= Task description =
Skip the pictures. Transcribe exactly the lines from the line containing "Смотреть фото голых" to the end of the listing.

= Data block =

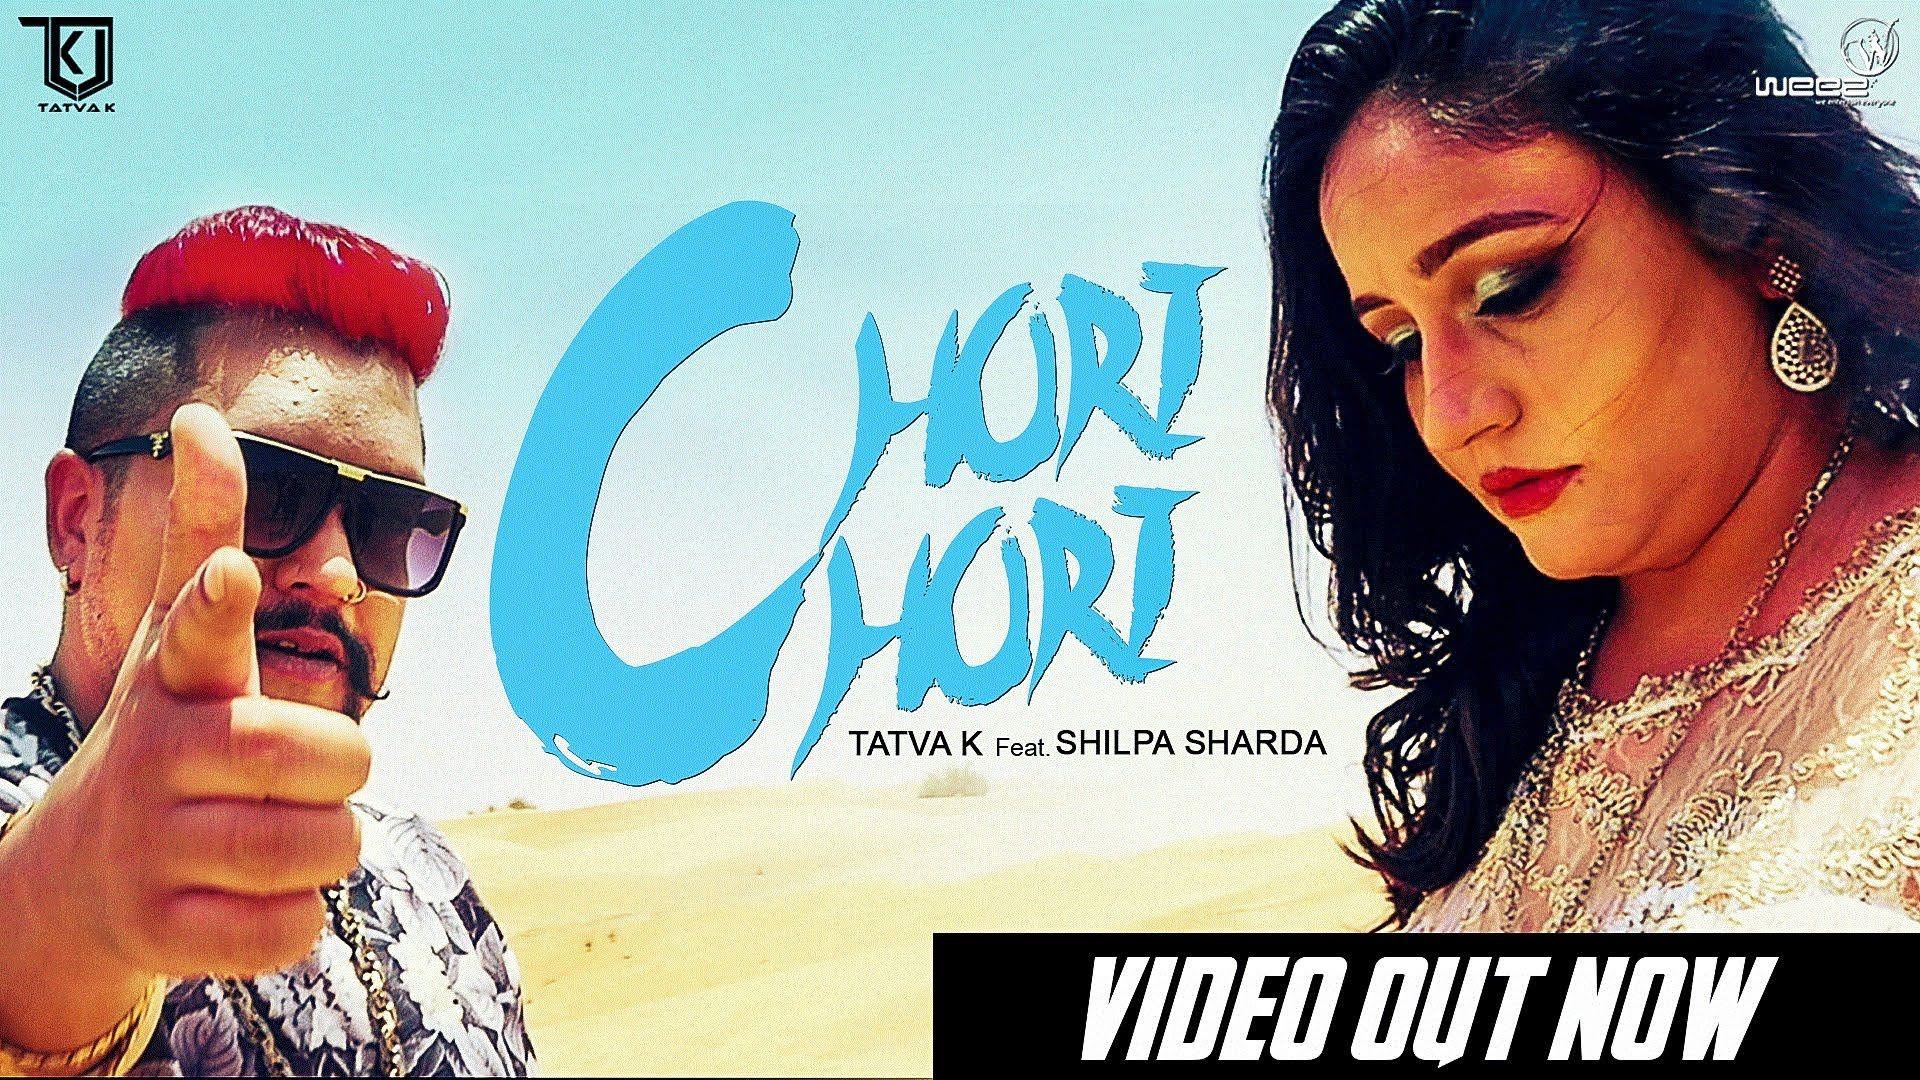 Chori Chori Tatva K Feat Shilpa Sharda Song Chori Chori Singer
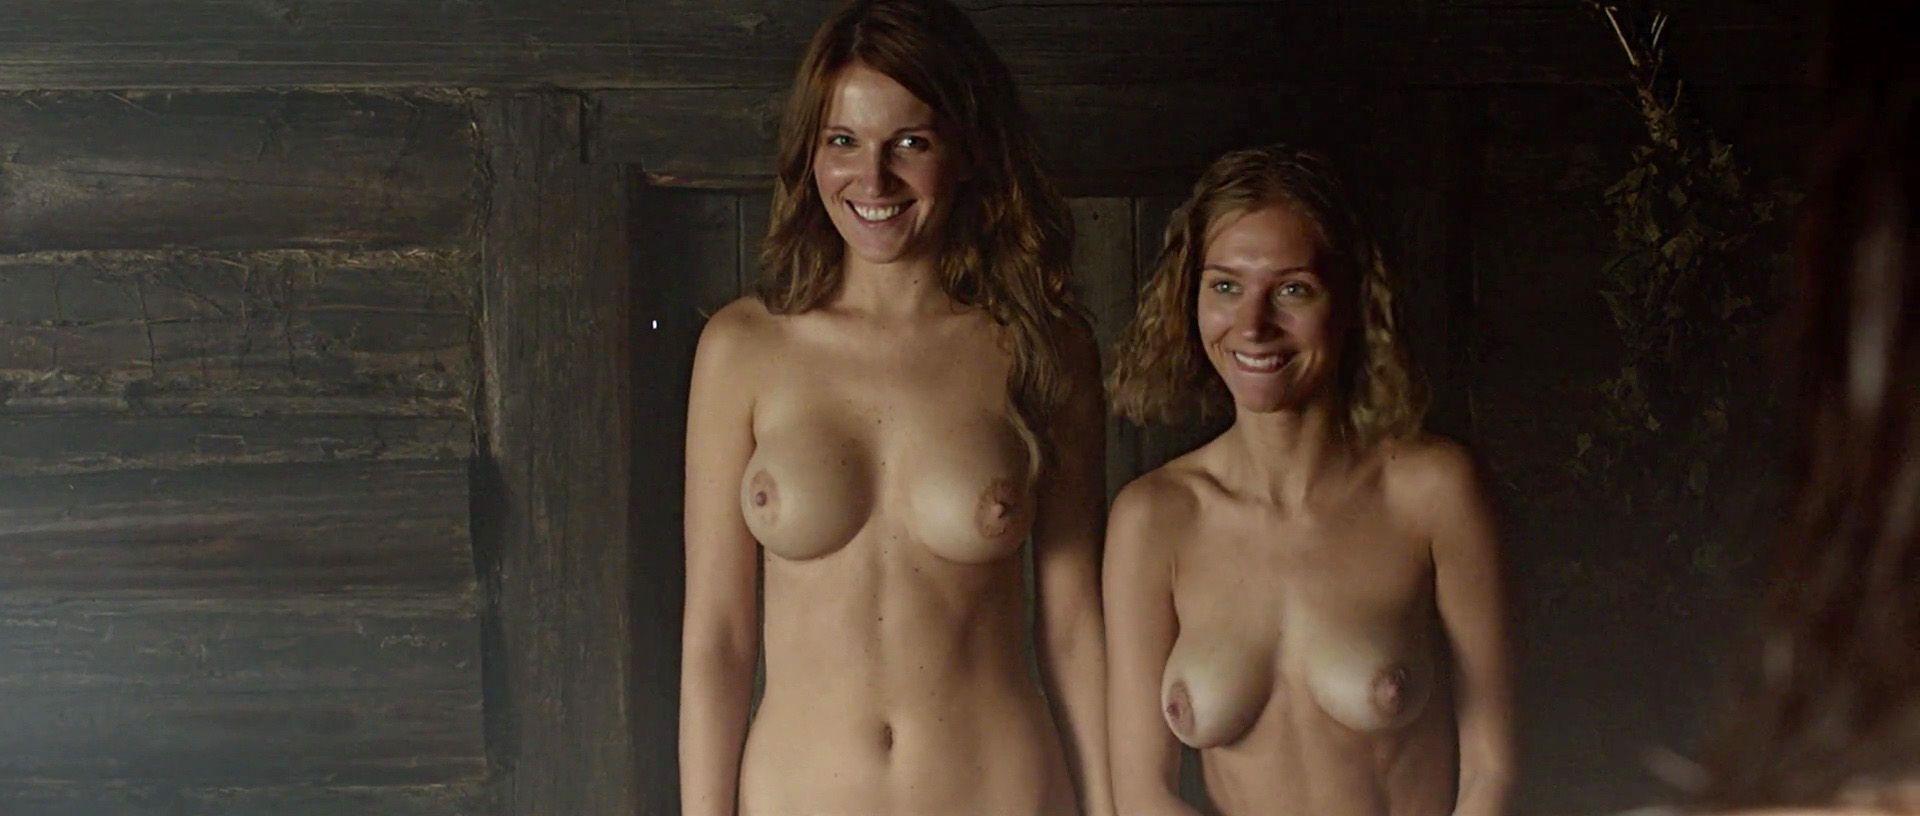 Смотреть фото голых русских артисток, Голые знаменитости в эротике и порно 13 фотография
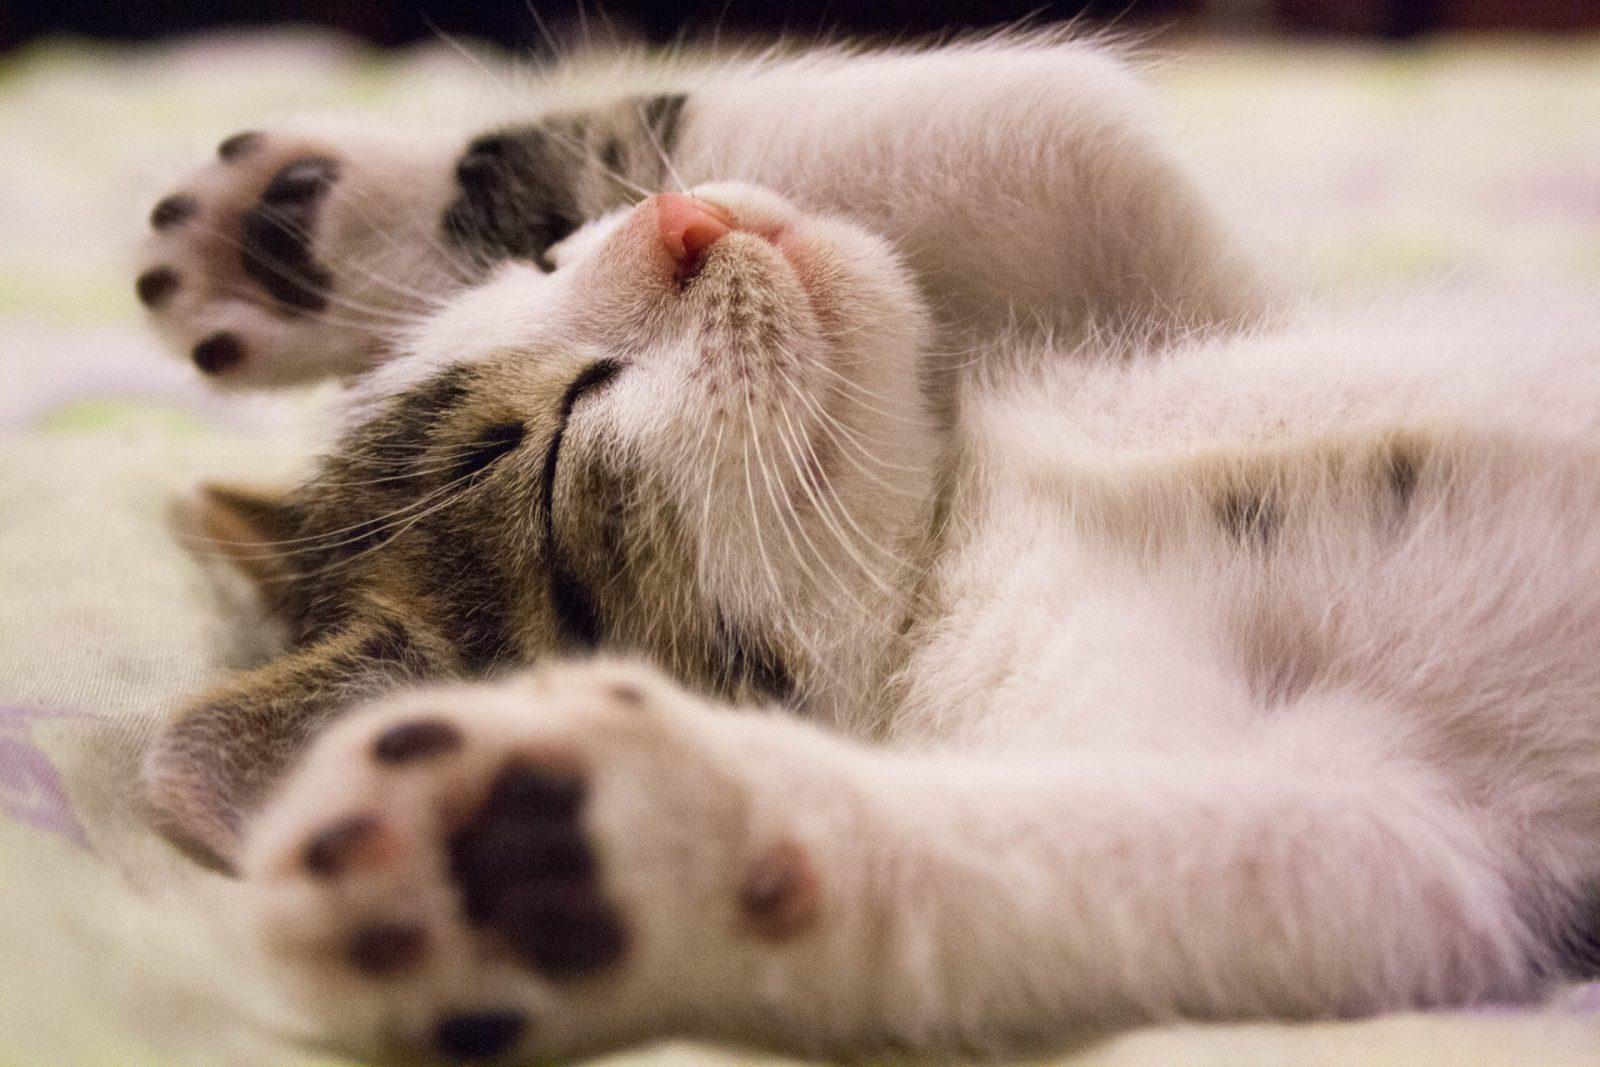 O arranhador para gatos é um brinquedo muito comum para o comportamento dos gatos.

= Task response =
 Смотреть фото голых русских артисток, Голые знаменитости в эротике и порно 13 фотография
 O arranhador para gatos é um brinquedo muito comum para o comportamento dos gatos.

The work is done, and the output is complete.